■ Information supplied:
====================
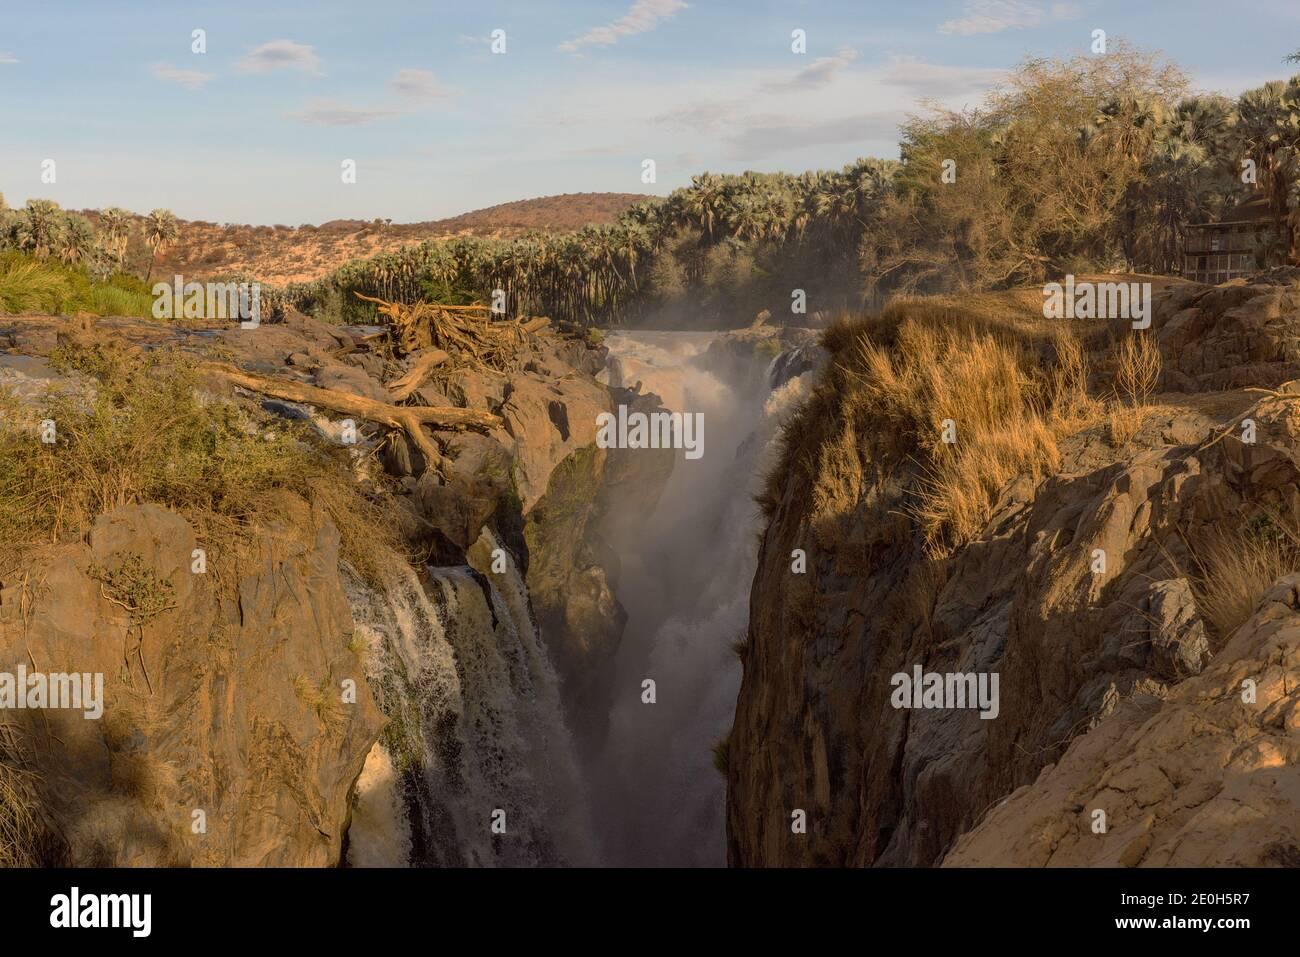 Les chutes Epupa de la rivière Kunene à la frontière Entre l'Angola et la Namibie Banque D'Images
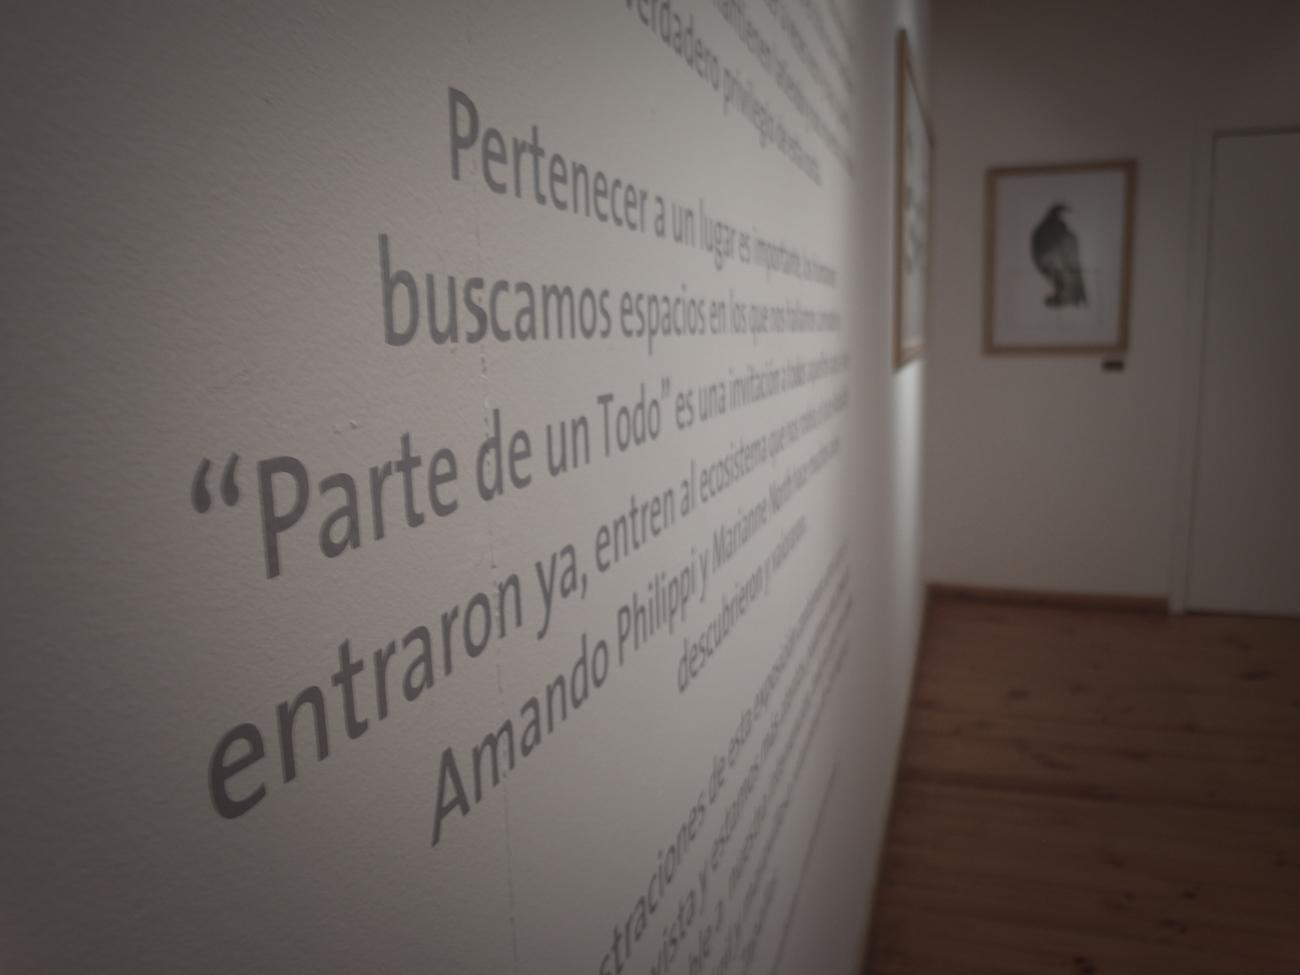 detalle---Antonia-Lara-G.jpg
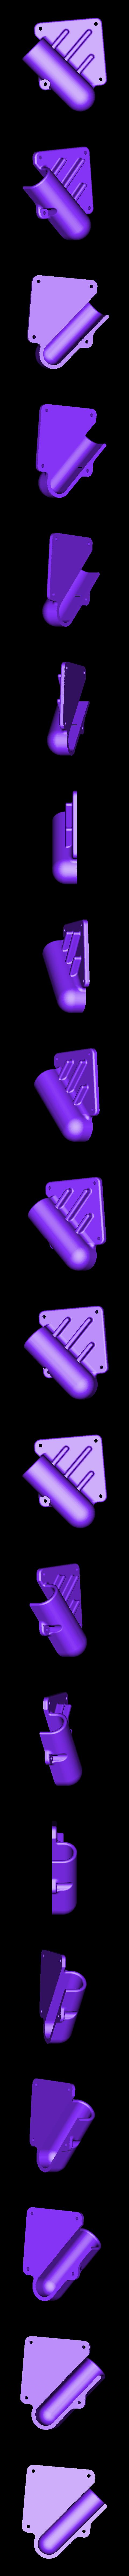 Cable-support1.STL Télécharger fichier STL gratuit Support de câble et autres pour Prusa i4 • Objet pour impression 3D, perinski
====================
■ Task brief: The answer must be the exact lines from the line with "detalle---Antonia-Lara-G.jpg" to the final line of the data, both ends included, with no pictures.

■ Answer:
 detalle---Antonia-Lara-G.jpg
 Cable-support1.STL Télécharger fichier STL gratuit Support de câble et autres pour Prusa i4 • Objet pour impression 3D, perinski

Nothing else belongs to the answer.